The Essential Components Of An Interview Process
Great interview skills are an amazing asset you can have in your arsenal of skill sets; this is because people are an important asset and you want to hire someone that is suitable for the job.
If you choose well, you can save yourself a lot of headaches and heartaches. Choose wrong, and you can pollute the atmosphere in the workplace with frustrations, negativity and even politicking.
So let’s look at 3 simple components we want in an interview process so that we find the best fit employee for the role.
There should be 3 components of an interview process:
• Expectation Management
3 Components of the Interview Process
Testing the Person’s Eligibility
The first stage of the interview must test the person’s eligibility for the job or assignment.
- Ask yourself, what is the requirement of the job?
- Does this person have the right skills to be able to do the job well?
- What experience does this person have that can possibly proof that he/she does have the required skills?
- What is this person’s personality type; can he/she integrate well into the corporate or organizational culture?
- How does this person respond to authority? to adversity? to challenge?
All these are important questions you want to get answered, and because the more smooth talking ones often manage to convince you they do, you’ll want to reference their past achievements, records and even call their references to find out all these in more detail.
This is to help you make a more informed decision and manage your expectations if you so choose to hire this person.
You must tell the person exactly what the job entails, including tasks that have to be routinely completed, projects that the person is expected to embark on, plus the quality of work that is expected of the person.
Then, seek the person’s agreement and understanding on the job description.
The challenge happens where the recruiter actually does not have much of a clue what the actual job entails.
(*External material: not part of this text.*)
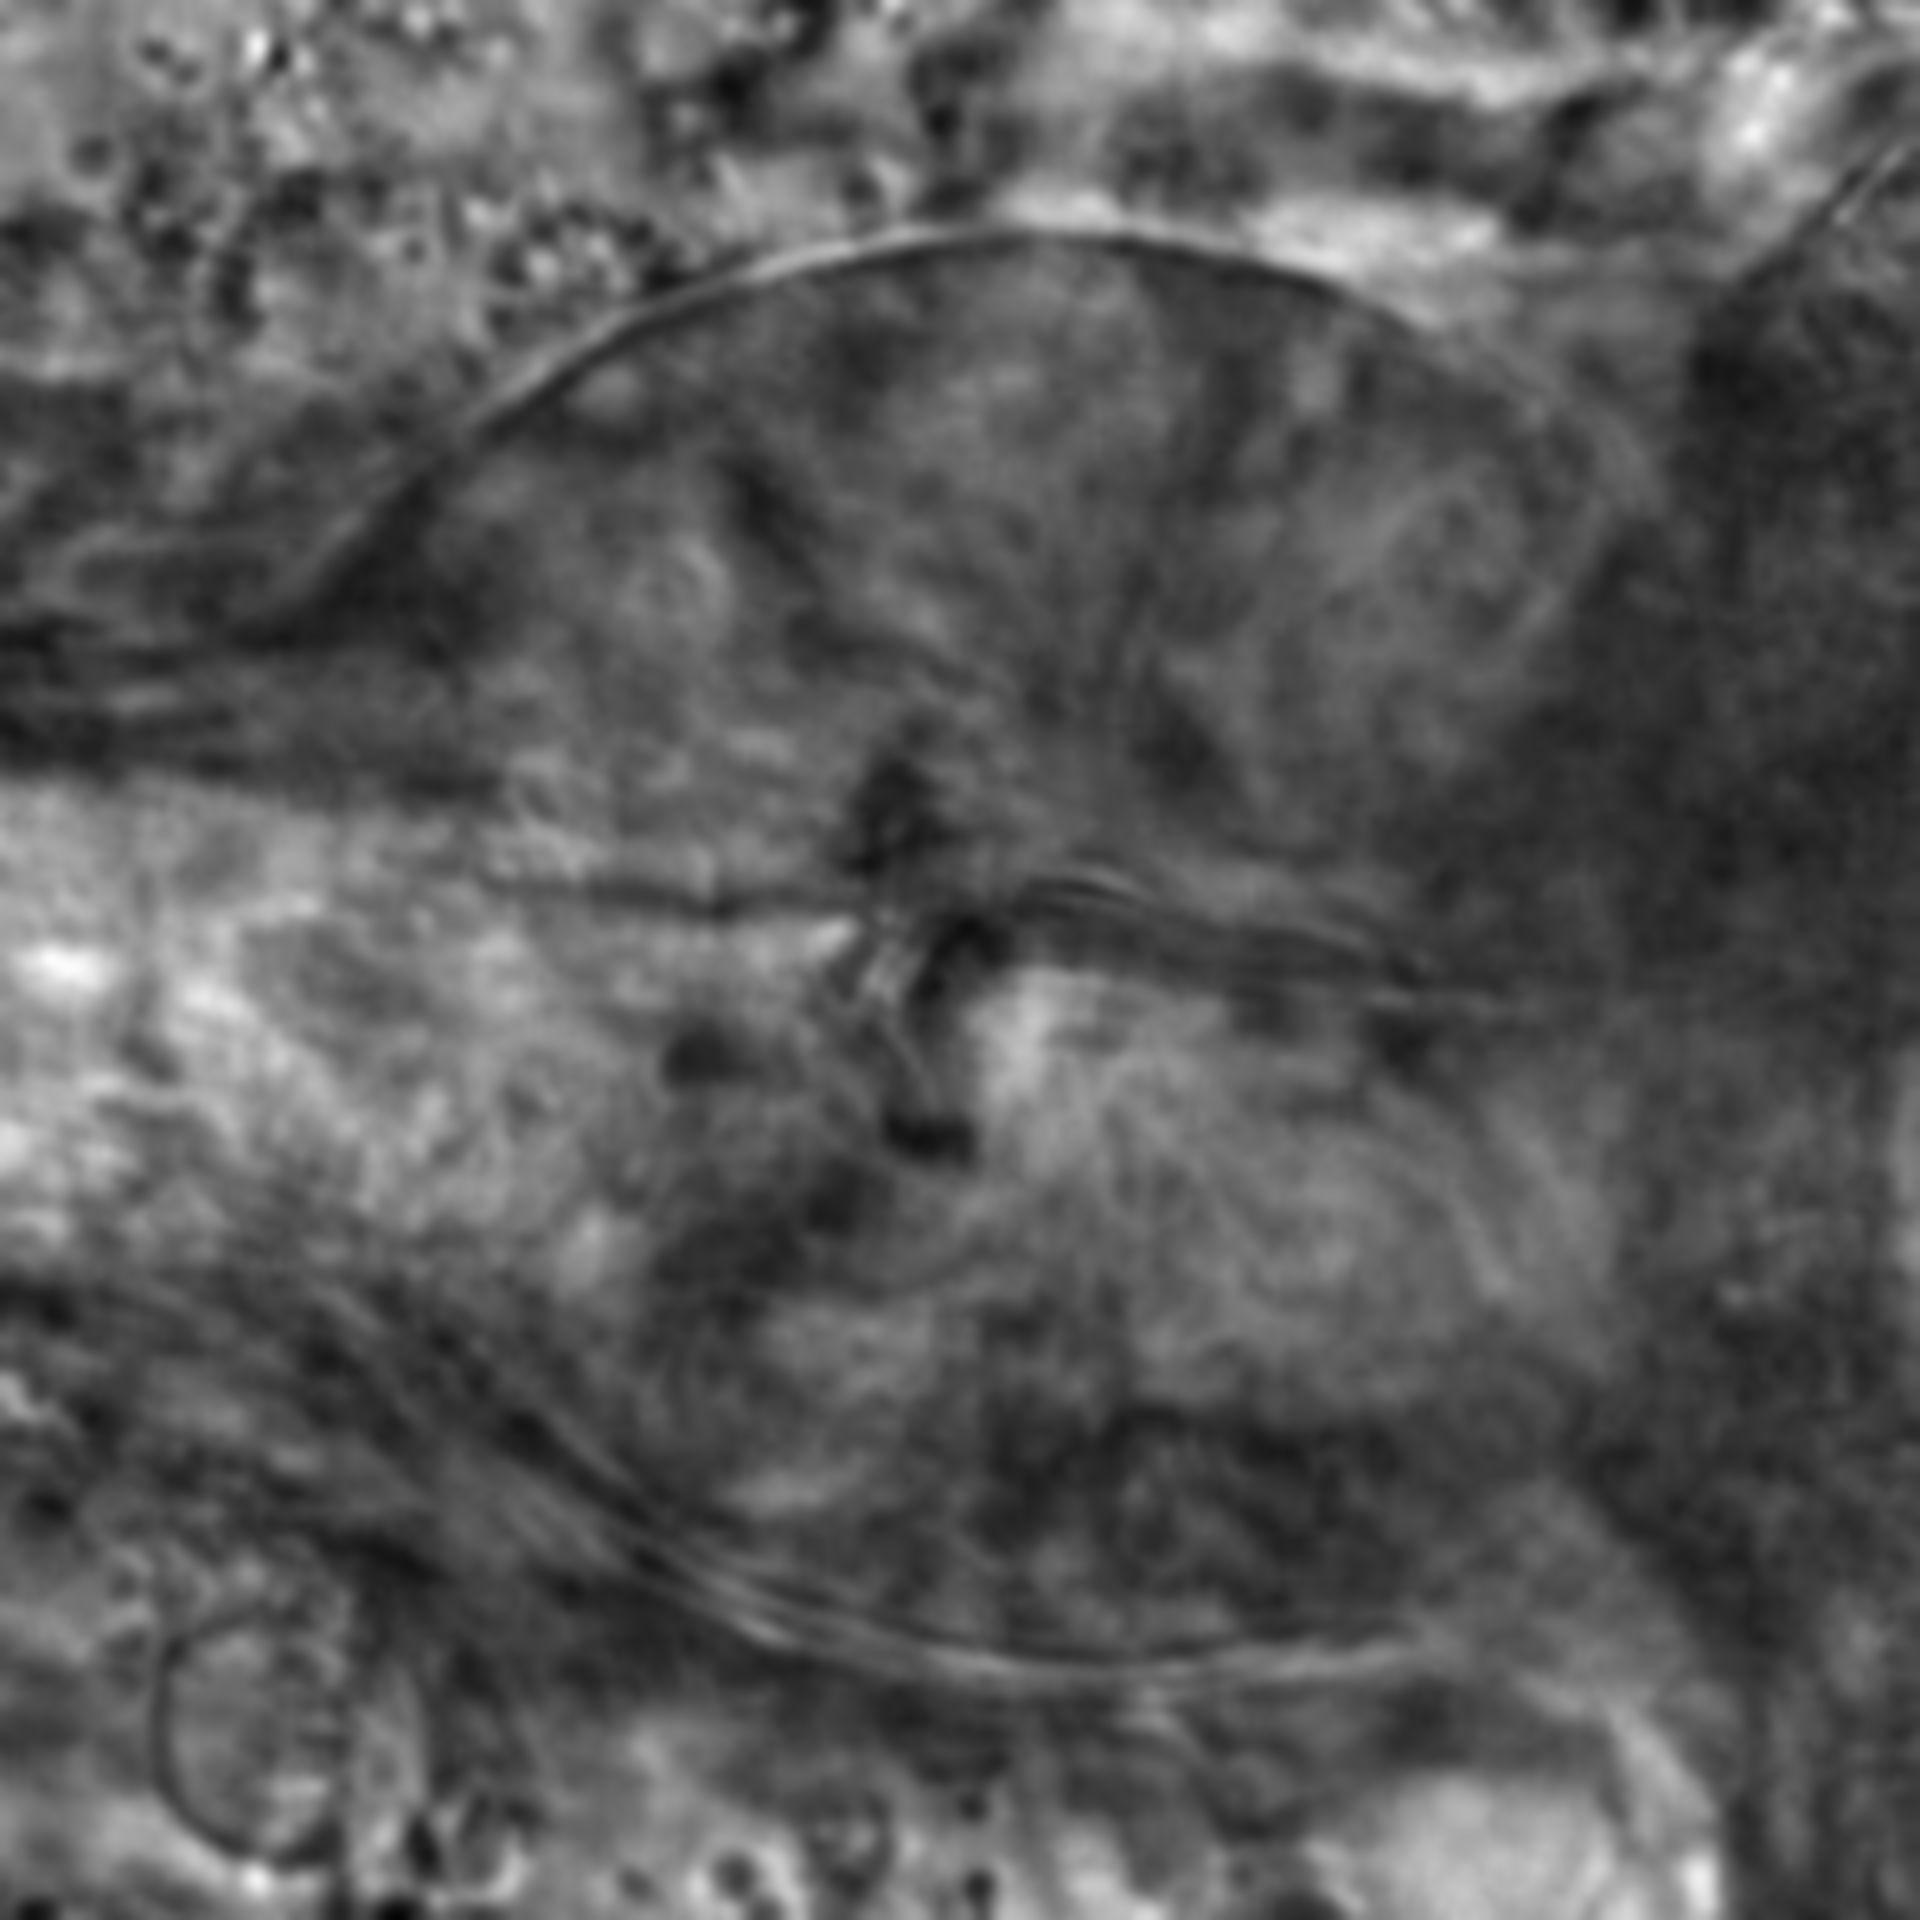 Caenorhabditis elegans - CIL:2146
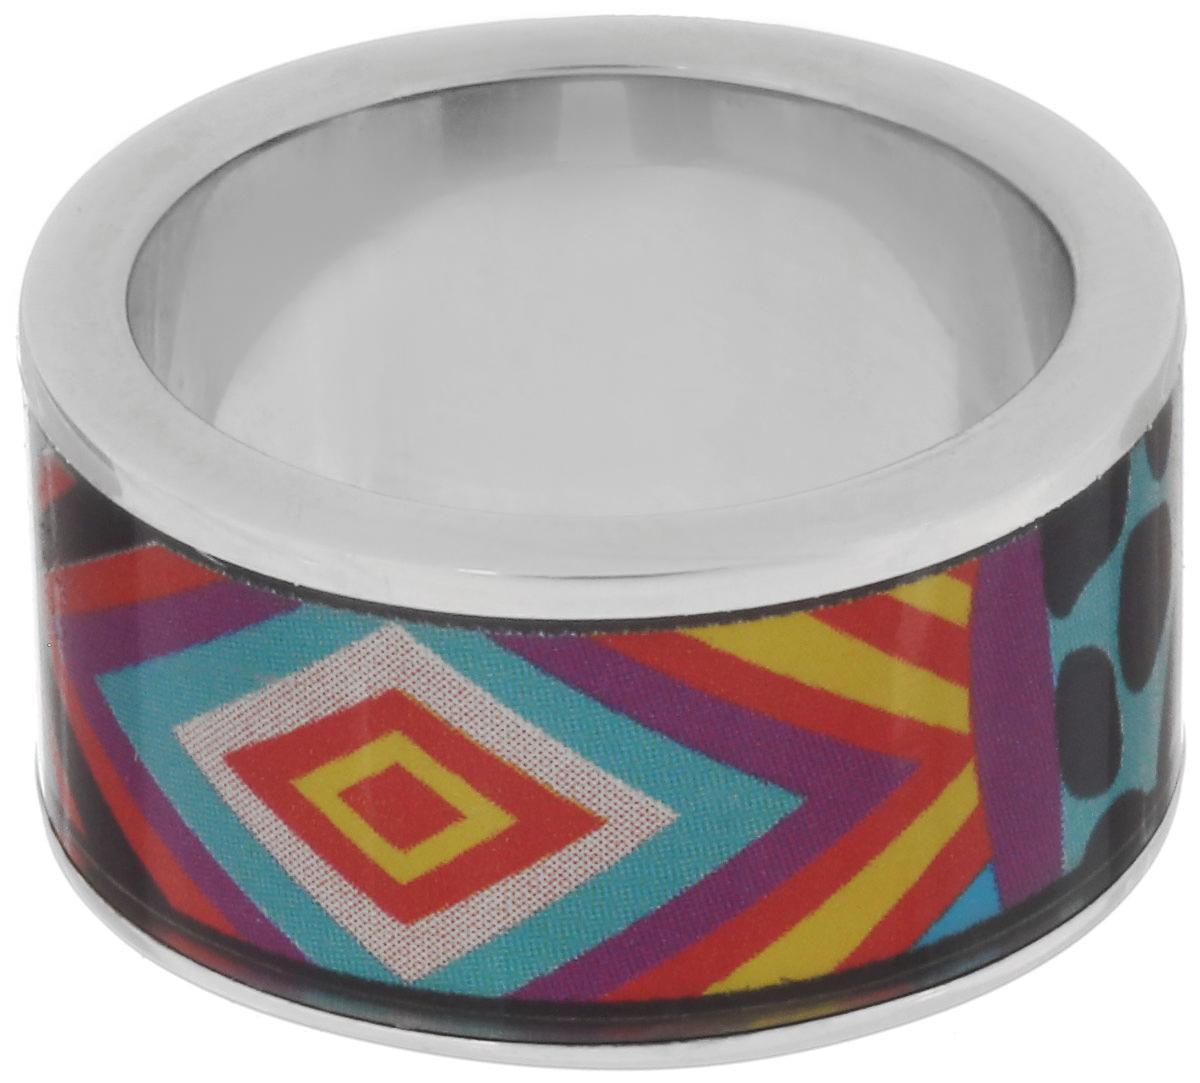 Кольцо Art-Silver, цвет: серебристый, мультиколор. ФК100-1-320. Размер 17,5ФК100-1-320Великолепное кольцо Art-Silver изготовлено из бижутерного сплава. Изделие с покрытием из эмали оформлено разнообразным неповторимым орнаментом. Стильное кольцо придаст вашему образу изюминку и подчеркнет индивидуальность.

Most recruiters belong in the Human Resource Department and they may not be clear about detailed job descriptions.
As such, it is important to bring in the candidate’s potential supervisor to speak and share about the daily work that has to be done.
Talk about the realities of the job, like:
- Level of social interaction required. Some candidates enjoy meeting people while others work best alone.
- Working hours. What time does the department knock off? This is important to the candidate especially if they have families.
- Routine work to be done. For most jobs, there is a certain routine to be followed, and it is good to let the candidate know what it is.
- What kind of performance is to be expected from the candidate. This will give the candidate a good idea about whether he/she is up for it.
How badly does the person want this job? How committed will this person be after they take on the role?
It is always good to place in some obstacles so that a candidate can show their desire for the role they are applying for. This will also sieve out the candidates that are positive, ambitious and have self-confidence.
Some obstacles could include:
- Rejecting the candidate, and then asking them to convince you again that they really want the job.
- Post a hypothetical scenario that you want to ‘try them out’ for a 3 months at a lower pay, and see if they still want the job.
Of course, these depend on the personalities of the candidates you want to hire. Either way, it is good to find people that truly desire the role, rather than one that simply wants to pay the bills.